▼
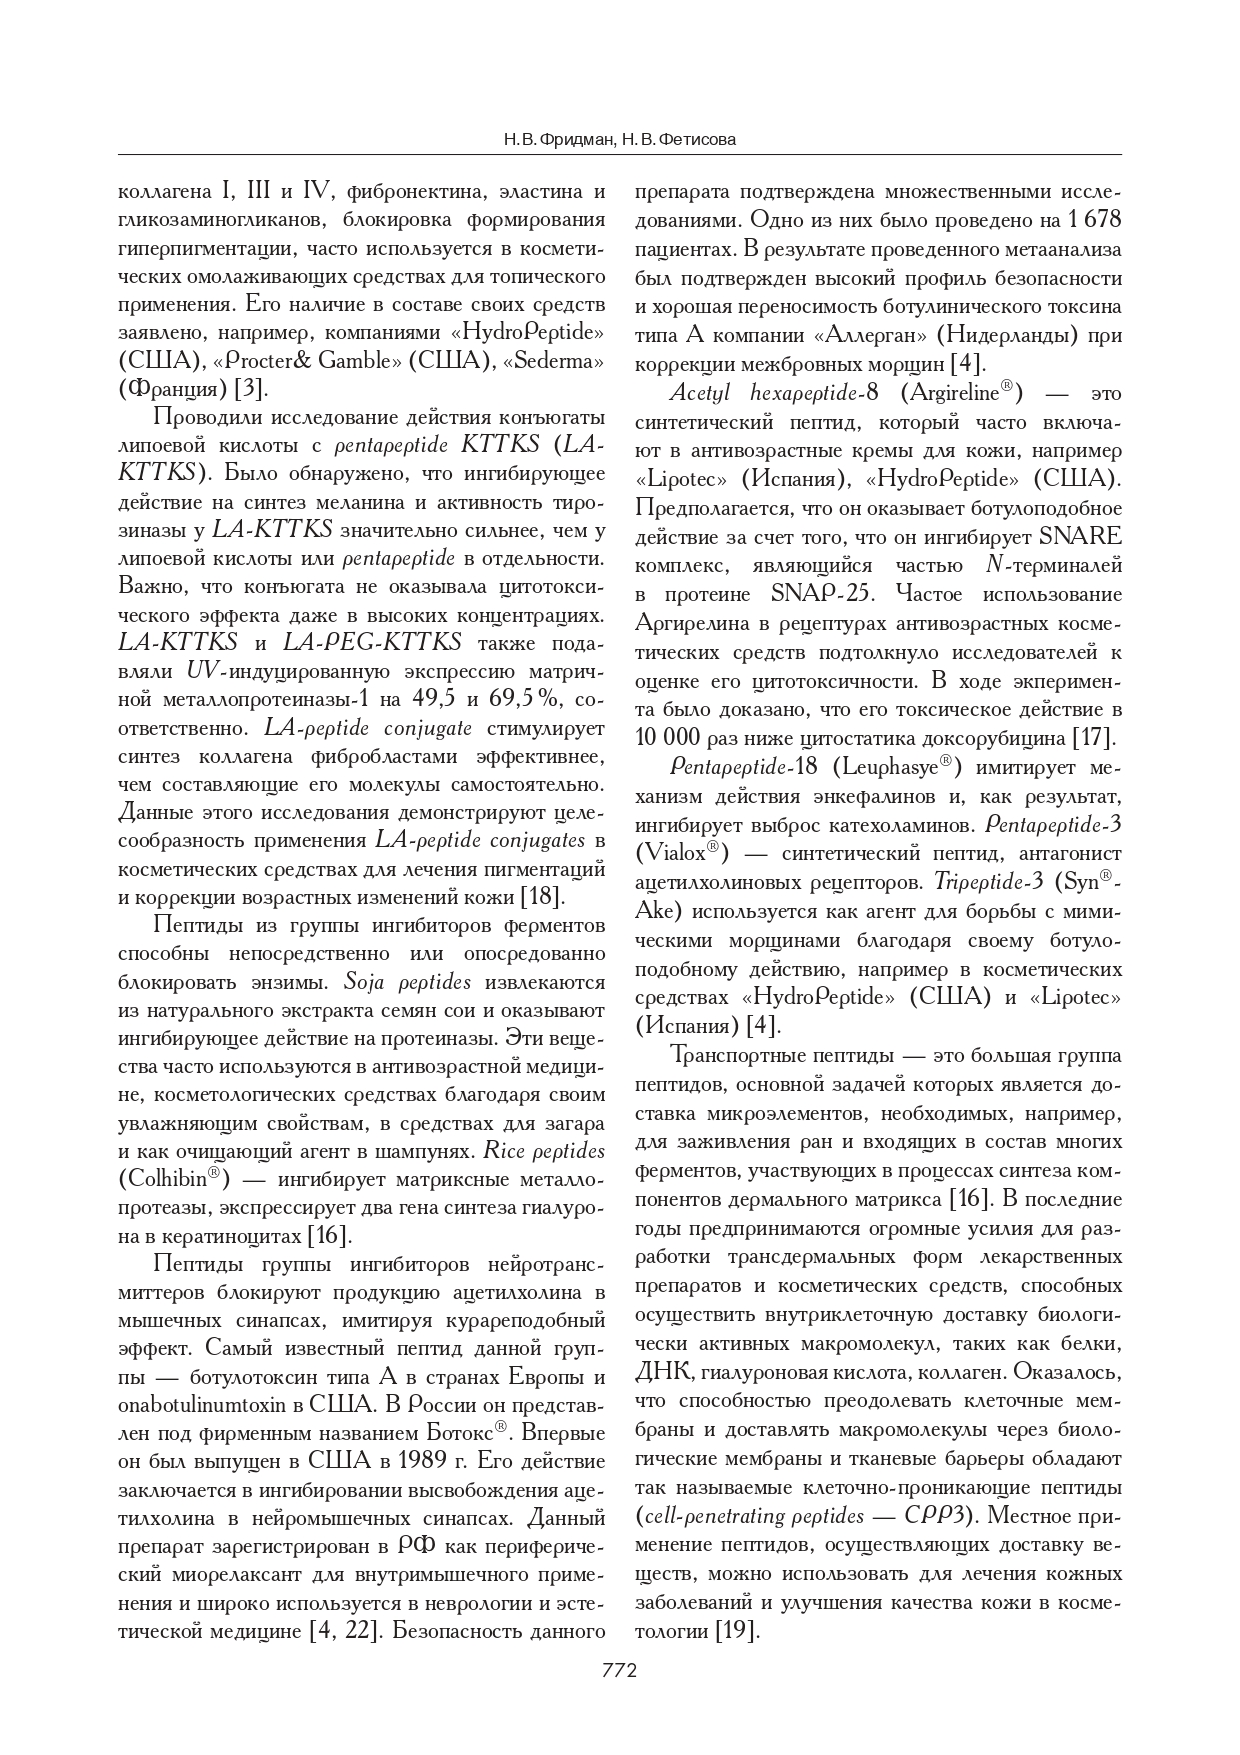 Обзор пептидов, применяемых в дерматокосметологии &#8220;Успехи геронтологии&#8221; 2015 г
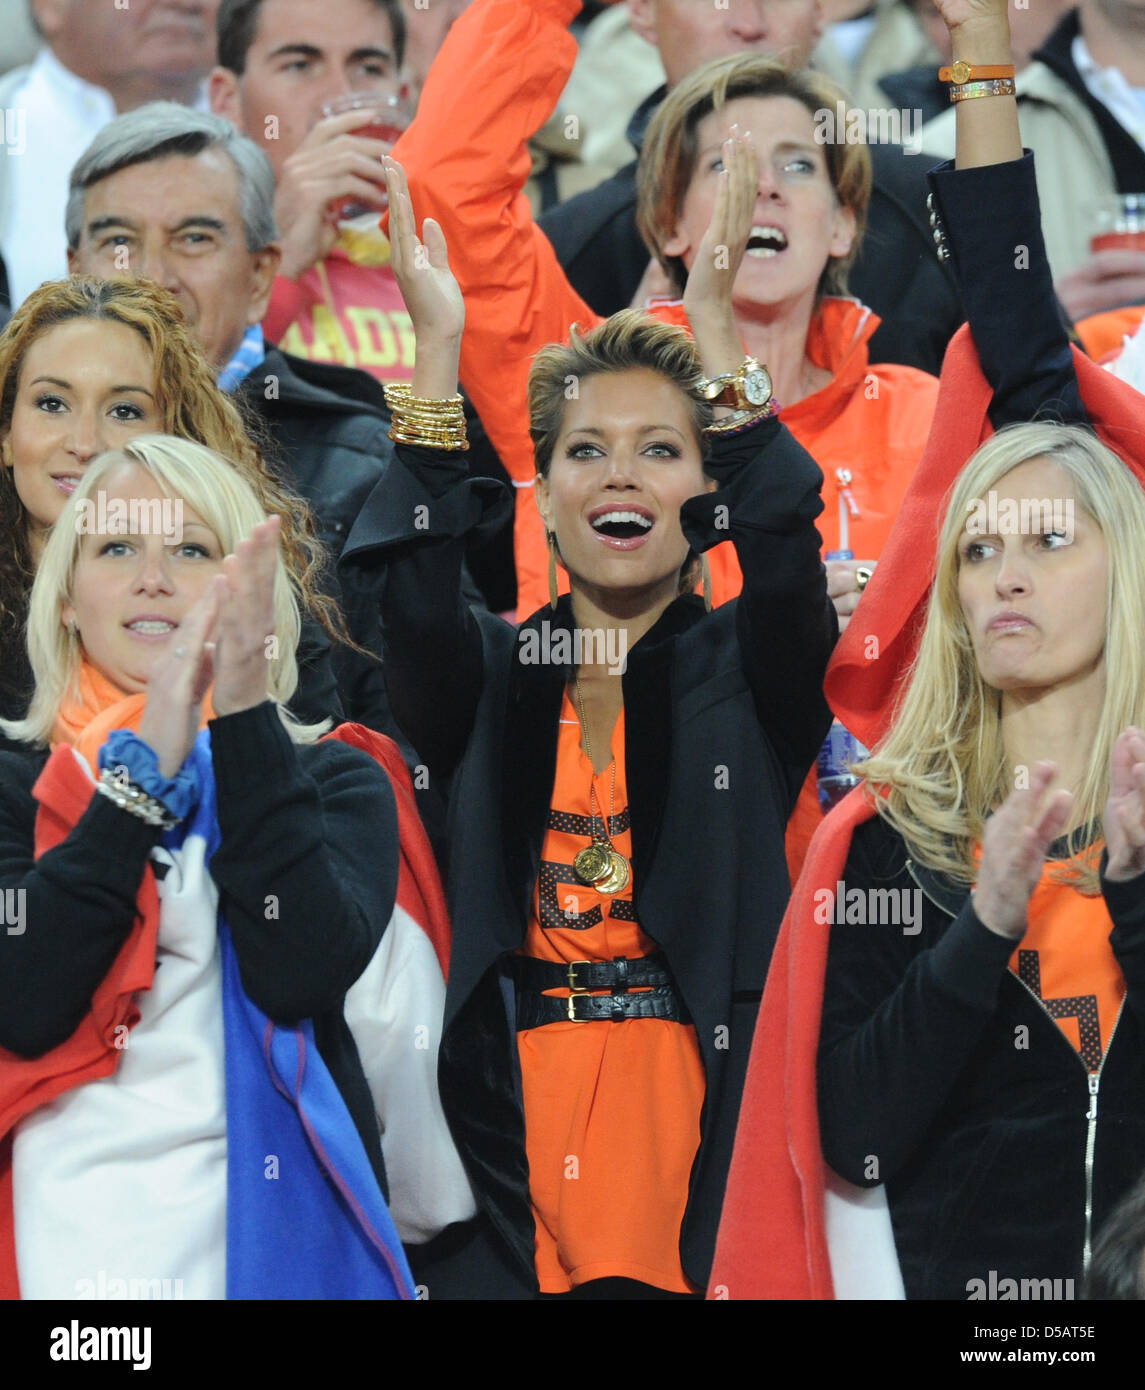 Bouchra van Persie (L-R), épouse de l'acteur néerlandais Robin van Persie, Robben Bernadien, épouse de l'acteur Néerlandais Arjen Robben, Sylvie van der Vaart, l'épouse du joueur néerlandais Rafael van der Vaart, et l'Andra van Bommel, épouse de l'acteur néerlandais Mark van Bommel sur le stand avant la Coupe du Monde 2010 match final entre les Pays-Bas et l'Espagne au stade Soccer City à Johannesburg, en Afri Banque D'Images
▲
▼
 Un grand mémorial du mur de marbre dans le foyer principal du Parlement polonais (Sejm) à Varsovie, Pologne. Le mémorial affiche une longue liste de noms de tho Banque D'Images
▲
▼
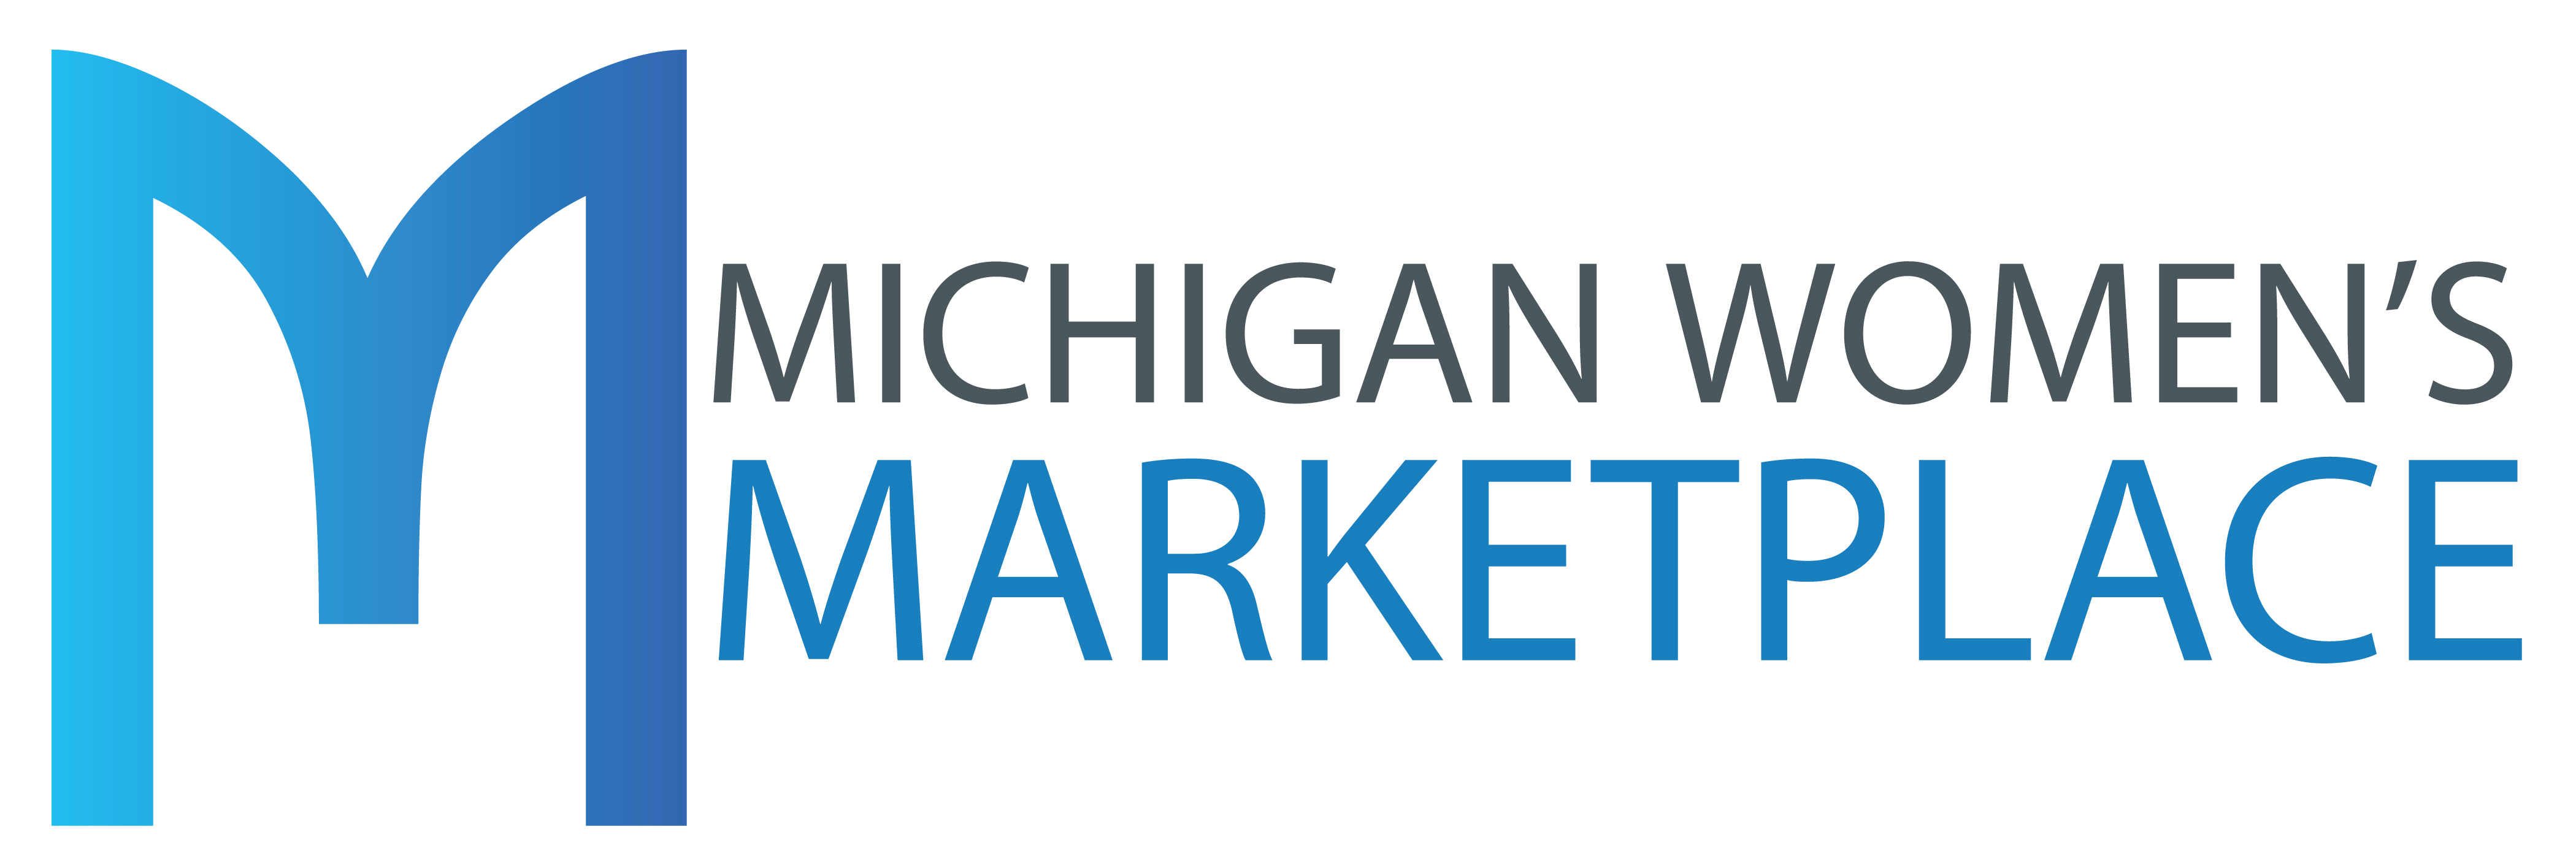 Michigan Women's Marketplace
▲
WHAT THIS TASK INVOLVES
Reproduce the entries exactly, from the line with "Обзор пептидов, применяемых" to the line with "Bouchra van Persie", both lines included, keeping no pictures.

SOLUTION TO THIS PROBLEM
 Обзор пептидов, применяемых в дерматокосметологии &#8220;Успехи геронтологии&#8221; 2015 г
 Bouchra van Persie (L-R), épouse de l'acteur néerlandais Robin van Persie, Robben Bernadien, épouse de l'acteur Néerlandais Arjen Robben, Sylvie van der Vaart, l'épouse du joueur néerlandais Rafael van der Vaart, et l'Andra van Bommel, épouse de l'acteur néerlandais Mark van Bommel sur le stand avant la Coupe du Monde 2010 match final entre les Pays-Bas et l'Espagne au stade Soccer City à Johannesburg, en Afri Banque D'Images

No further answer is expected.